Ray Goddard

Personal information
- Full name: Raymond Goddard
- Date of birth: 13 February 1949
- Place of birth: Fulham, England
- Date of death: 11 December 2007 (aged 58)
- Place of death: Spain
- Position: Goalkeeper

Youth career
- Fulham

Senior career*
- Years: Team / Apps / (Gls)
- 1967–1974: Leyton Orient / 278 / (0)
- 1974: → Greenock Morton (loan) / 1 / (0)
- 1974–1978: Millwall / 80 / (0)
- 1978–1981: Wimbledon / 119 / (1)
- 1981–1983: Wealdstone
- Total:  / 478 / (1)

= Ray Goddard =

English footballer

Raymond Goddard (13 February 1949 − 11 December 2007) was an English football goalkeeper, who played for three London clubs between 1967 and 1981.

Goddard began his career as a member of Fulham's youth team, but was released without being offered a professional contract. He subsequently joined Orient, where he spent eight seasons. In 1967 the entire Orient squad was transfer-listed to ease the financial plight of the club, with the exception of Goddard. He was a member of the Orient side that won the Third Division title in 1969-70, and narrowly missed out on promotion to the top flight in 1974. In total, he played 278 league games for the O's. Having kept young reserve keeper Steve Bowtell out of the first team for several seasons, Goddard lost his place to the newly signed John Jackson in October 1973. However, he returned to the first team after an injured Jackson was dropped in the O's failed promotion campaign of '73-'74. He suffered a strained relationship with manager George Petchey after first learning of Jackson's promotion, and his own demotion, on the team bus.

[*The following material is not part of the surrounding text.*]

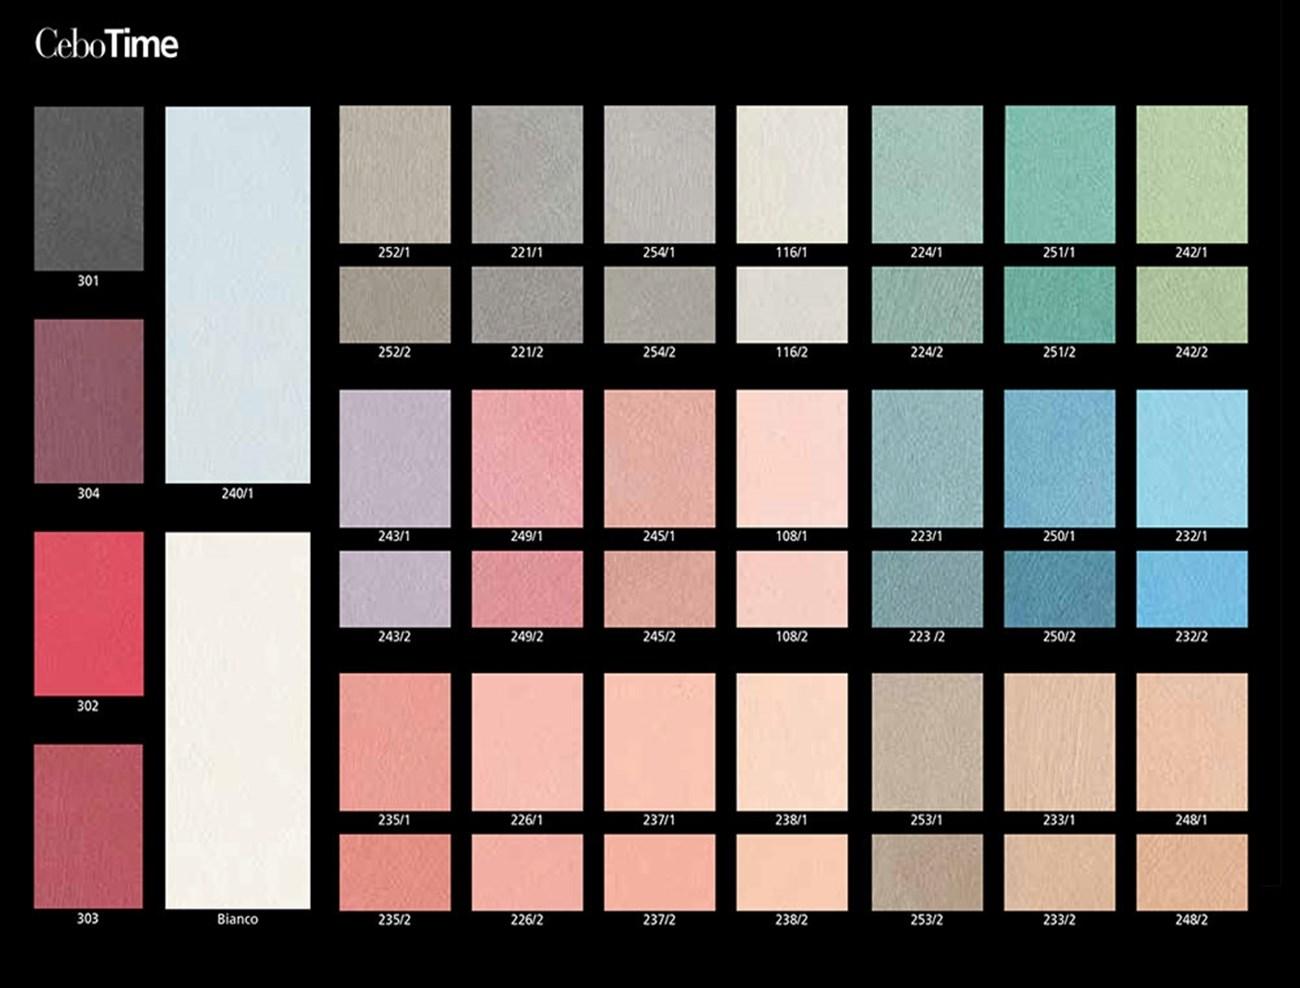 Elegant cartella colori cebotime with tabella colori pareti for Tabella colori per pareti interne

Before leaving the O's he joined Greenock Morton in Scotland for a month before leaving Orient.

In November 1974, Goddard joined Millwall; In February 1978 he joined Wimbledon who had only recently been elected to the league. He spent four seasons at Wimbledon and was part of the team that won promotion to the Third Division in 1979, relegated back to the Fourth Division the following year, and then promoted back again in 1981. In his final match for the Dons, Goddard scored from the penalty spot in a 4–2 defeat against Bury.

After leaving Wimbledon, Goddard finished his career at non-league Wealdstone. After his retirement from football, Goddard moved to Spain where he ran a bar. He died from a stroke in December 2007, aged 58.